Пожалуй, советский проект мировой литературы – наиболее последовательная и обеспеченная ресурсами попытка преобразовать механизмы производства, распространения и потребления литературы по всему миру за всю историю. Первые работы, анализирующие ее влияние на систему мировой литературы, только добираются до читателей. Вслед за разделением исследователей, занимающихся историей Коминтерна, и тех, кто изучает советскую национальную политику, в этой области наметилось два направления. С одной стороны, Катерина Кларк, члены московской группы «Интерлит» и другие ученые обратились к реконструкции наследия издательства «Всемирная литература», созданного Максимом Горьким, журнала «Интернациональная литература» и облика Интернационального союза писателей в межвоенный период в целом41. С другой стороны, ряд специалистов по истории советской литературы, таких как Харша Рам, Евгений Добренко и Сюзанна Франк, сосредоточились на становлении многоязычной советской литературы, уделяя особое внимание литературам Кавказа и Средней Азии и рассматривая их как часть проекта мировой литературы42. За редким исключением исследователям обоих направлений еще только предстоит перейти к послевоенному периоду. В данной книге, опираясь на советские государственные архивы и множество канонических постколониальных текстов, я рассматриваю весь период до конца Советского Союза. Кроме того, я анализирую тексты, циркулировавшие в советском культурном пространстве, с эстетической точки зрения. Хотя в конечном счете общим фоном, на который разные писатели проецировали свой индивидуальный стиль, оставался «реализм», советское культурное пространство отличалось куда бо́льшим художественным многообразием, чем советская литература, вбирая в себя различные формы модернизма, литературу стран третьего мира, народный эпос, национальный сентиментализм и т. д.
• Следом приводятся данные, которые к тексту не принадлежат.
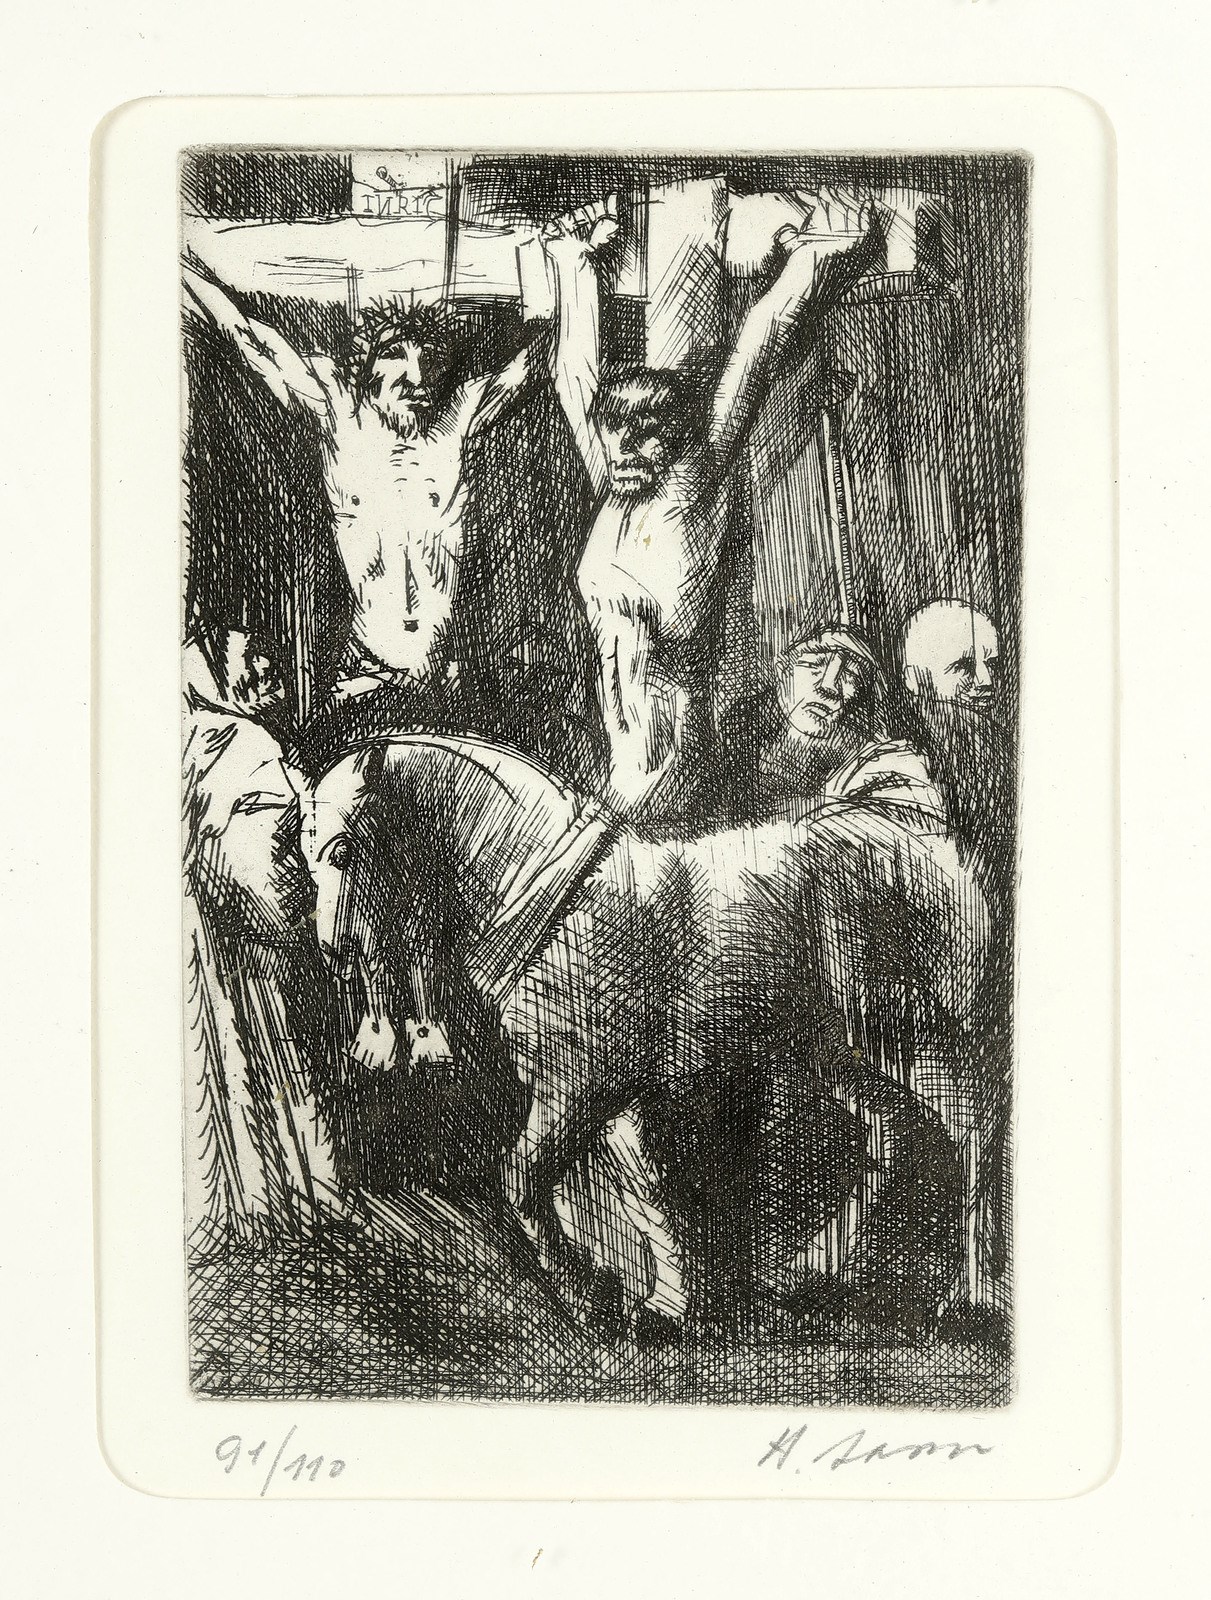 Crucifixion. (Aligi Sassu)

История мирового кино – еще более новая теоретическая область, отчасти вдохновленная расцветом такой дисциплины, как история мировой литературы, отчасти – необходимостью анализировать практики коммерческих брендов, а отчасти – историческим прецедентом «третьего кинематографа», масштабного, богатого на манифесты движения за политическое кино, в 1960–1970‑е годы бросившего вызов кинематографическому и эстетическому господству Голливуда или Европы43. Несмотря на то что Сергей Эйзенштейн и Дзига Вертов, Михаил Калатозов, Андрей Тарковский, Александр Сокуров и другие советские авторы прочно вошли в западный кинематографический канон, место советского кино в системах незападного, мирового кинематографа остается по большей части неисследованным. Кинематографические связи СССР с незападным миром осмысляются прежде всего в новаторских исследованиях Маши Салазкиной44. Наряду с другими недавними работами об интернациональном советском кинематографе в них обозначены разнообразные возможности прямых (или опосредованных Западом) контактов, зависевших от перемещений пленки, идей и самих режиссеров45. Следуя за этим небольшим, но растущим корпусом литературы и обращаясь к архивам Союза кинематографистов СССР, Госкино, «Совэкспортфильма» (СЭФ) и ВГИКа, где учились некоторые незападные режиссеры, в своей книге я реконструирую основную контактную зону советского и незападного кино, Ташкентский кинофестиваль (1968–1988), а также продолжительную эволюцию документального кино на тему солидарности – от раннесоветских фильмов до латиноамериканского «третьего кинематографа».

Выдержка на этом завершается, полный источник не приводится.